I was just on the general forum and added a pic to the " pix of you dressed up when you were a kid" thread, and it got me thinking about Halloween back then. Does anyone here remember a Halloween cassette that had a pipe organ at the beginning and then random sound effects. I would love to hear it again. I know the description is pretty vague. I do recall that the tape was black and the label was orange "draculas castle" seems to stand out in my mind for some reason. 

thanks


----------



## Verse 13 (Oct 26, 2010)

I totally remember that black and orange cassette tape. The one i had featured cats hissing and witches laughing. There was also some organ music as well. Im actually surprised that there hasnt been a whole lot more Halloween music released since then. Good memories!!!


----------



## mikieofthedead (Aug 12, 2005)

OHHHH I FOUND IT!!!! and theres a free download http://monstermasks.blogspot.com/2010/10/horror-sounds-of-night.html


----------



## GobbyGruesome (Sep 14, 2005)

I wasn't all that interested in the music, but that's a really cool site! Thanks for the link mikie!


----------



## kprimm (Apr 3, 2009)

Thanks for the download share. I actually have this tape still right now, and I still love it. Some of the old classic Halloween tapes and lps from the 70's are still some of my all time favorite stuff. I remember going into my bedroom and turning out the lights and listening to all the old scary tapes and imagining if I was in the situation trying to escape. Alot of great old memories. I have been collecting Halloween music for many many years and I have alot.
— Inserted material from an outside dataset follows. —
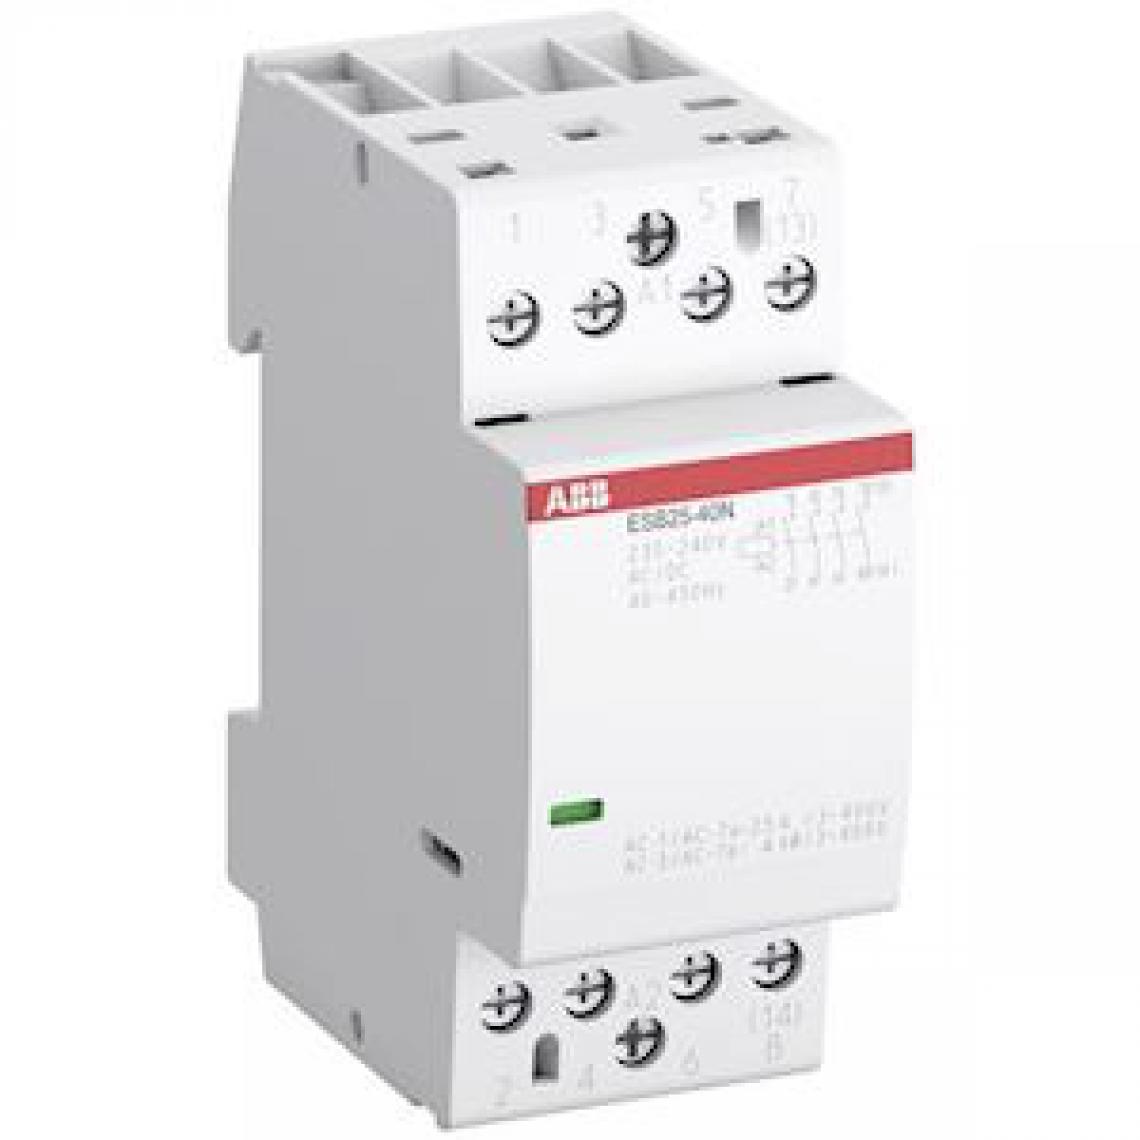 Abb - contacteur modulaire - abb esbn - 25a - 4 contacts no - 230 volts - abb 1sae231111r0640 - Télérupteurs, minuteries et horloges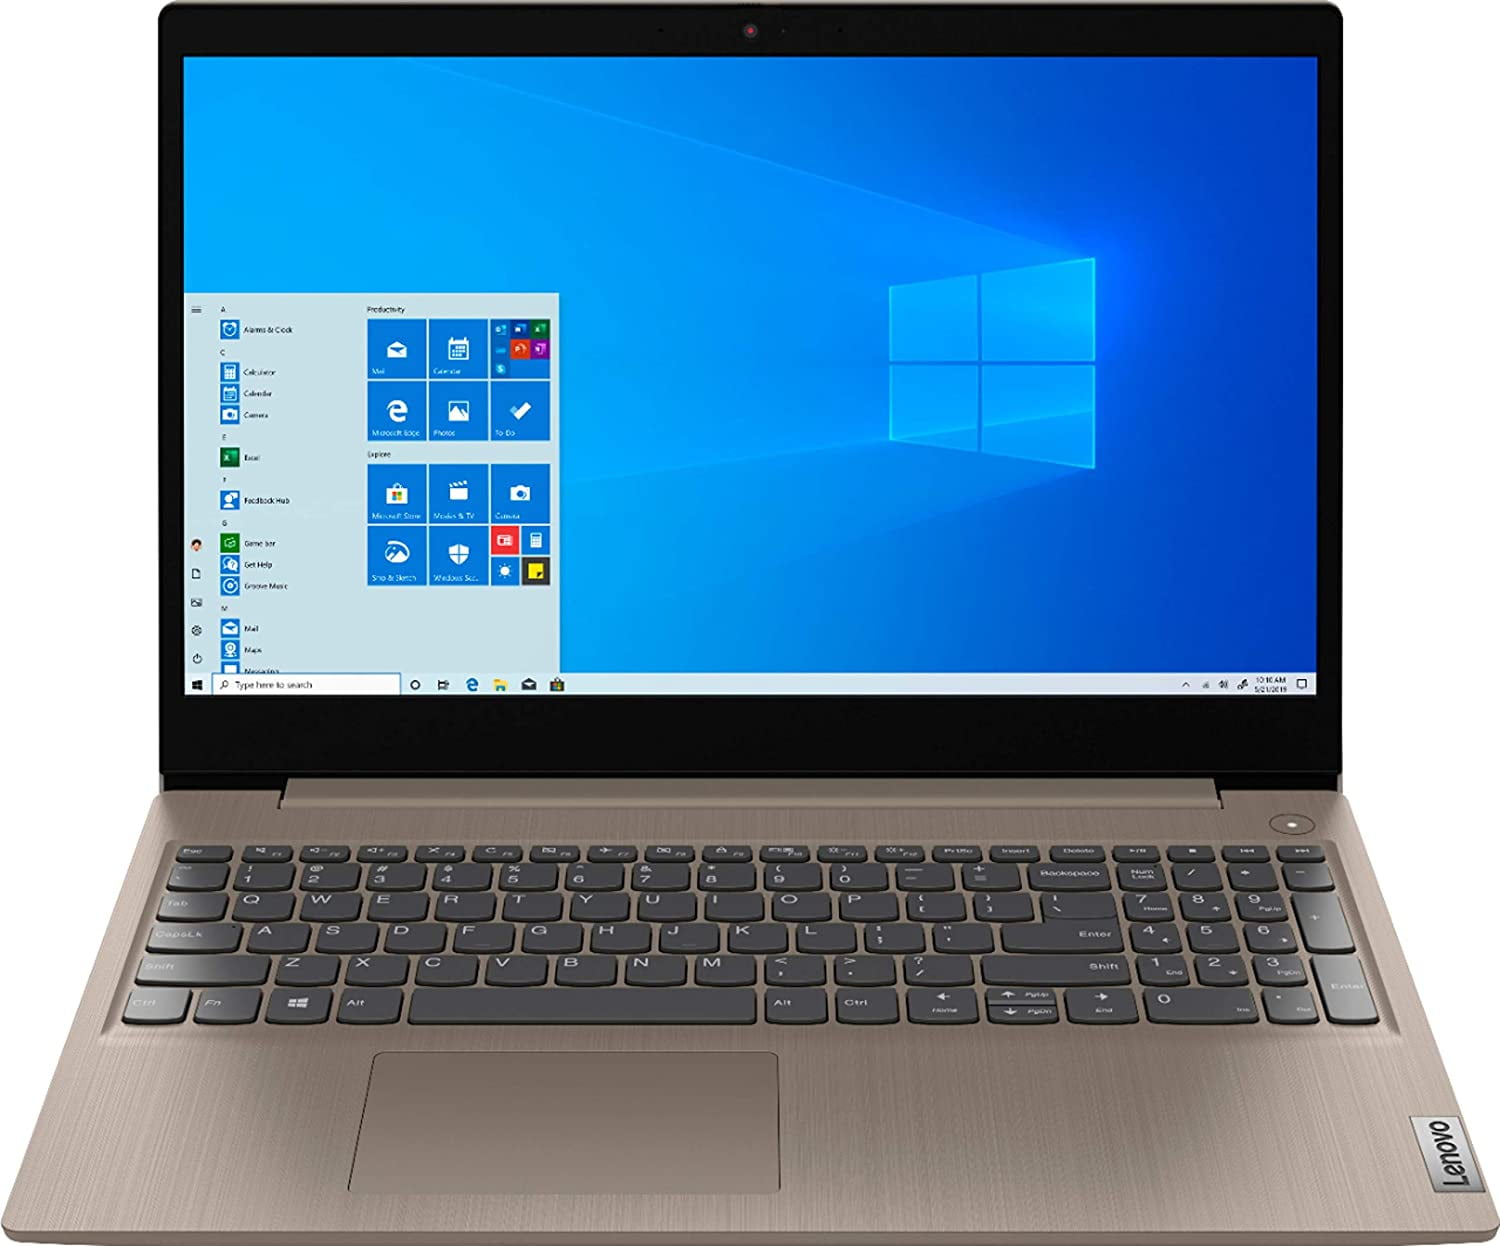 2020 Newest 3 15" HD Touch Screen Laptop, Intel 10th Gen Dual-Core i3-1005G1 CPU, 8GB RAM, 256GB PCI-e SSD, Webcam, WiFi 5, Bluetooth, Windows 10 S - Almond - Walmart.com

Every year I check for any new Halloween music and buy up anything new that I find.


----------



## The Real Joker (Sep 8, 2008)

Thanks for the link 
It's awesome!


----------



## stormygirl84 (Sep 4, 2009)

Wow, I had that tape too!

Anyone remember the "Monster Hits" CDs Wal-Mart used to carry? They had things like "The Purple People Eater" and "Frankenstein" and "Tubular Bells." I loved those when I was a kid!


----------